Je me permets de vous contacter car je suis à la recherche d’informations concernant George Sand à Fontainebleau (éléments biographiques, écrits…). Pourriez-vous me renseigner ? |
Réponse de Sylvie Veys
Fontainebleau est avant tout lié à George Sand par le fait que s’y déroule un moment important de sa relation amoureuse naissante avec Alfred de Musset. Quelques jours après le début de leur liaison, Sand et Musset se rendent à Fontainebleau. Ils y resteront du 5 au 13 août 1833.Il y a plusieurs explications possibles à ce départ précipité, la plus courante étant l’empressement d’un Alfred de Musset jaloux à éloigner George Sand de Paris où elle avait donné rendez-vous à un poète italien, Alessandro Poerio. Les notes de Georges Lubin dans la correspondance de George Sand permettent d’avoir de précieux renseignements sur leur logement :
« Cette adresse est : Hôtel Britannique, rue de France à Fontainebleau. Cet hôtel disparu était au n°108… Le peintre Alexandre Decamps l’acheta pour l’habiter. C’est à Fontainebleau qu’il sera victime d’un accident mortel de cheval, le 22 août 1860… Situé au carrefour de la Fourche où commence la route d’Arbonne, cet hôtel était à environ une heure de marche des rochers de Franchard » (Correspondance de George Sand, tome II, notes, pp.397-398).

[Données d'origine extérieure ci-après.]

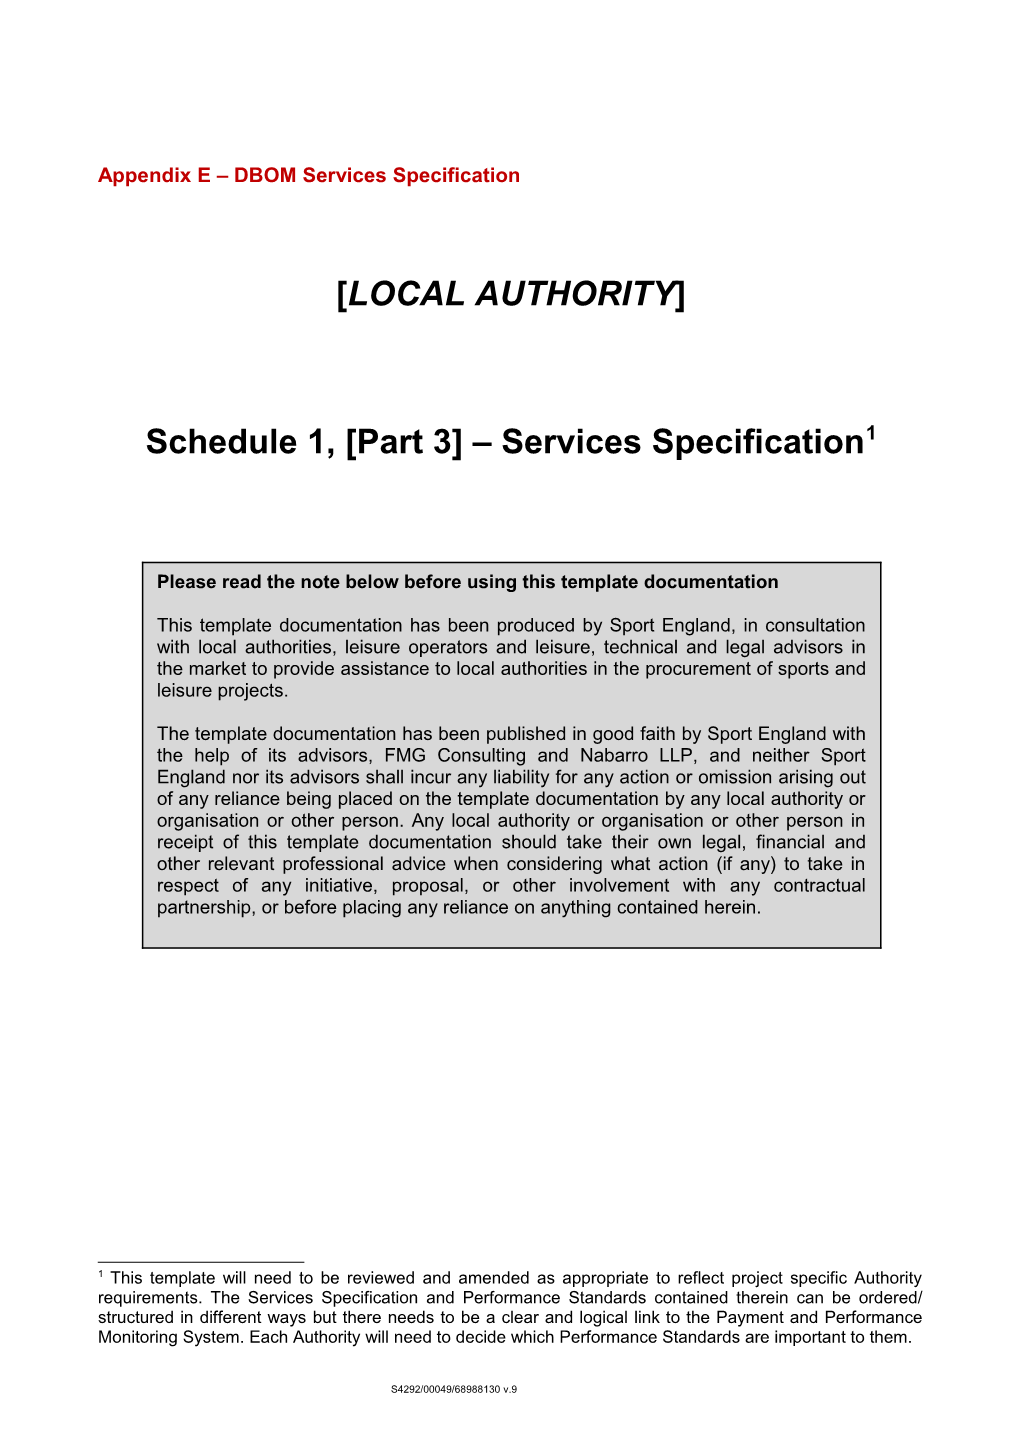 Appendix E DBOM Services Specification

Fontainebleau, et plus particulièrement les roches de Franchard, est un lieu presque mythique. Il semble en effet que ce lieu ait été la scène du paroxysme de la passion entre les deux écrivains, passion Passion toute romantique, mêlée de terreur, de promesses de suicide ensemble, … Une nuit, lors d’une promenade dans la forêt, Musset est victime d’une hallucination. Il la décrira dans son poème La nuit de décembre :
LE POÈTE
Du temps que j’étais écolier, Je restais un soir à veiller Dans notre salle solitaire. Devant ma table vint s’asseoir Un pauvre enfant vêtu de noir, Qui me ressemblait comme un frère.
Son visage était triste et beau : A la lueur de mon flambeau, Dans mon livre ouvert il vint lire. Il pencha son front sur sa main, Et resta jusqu’au lendemain, Pensif, avec un doux sourire.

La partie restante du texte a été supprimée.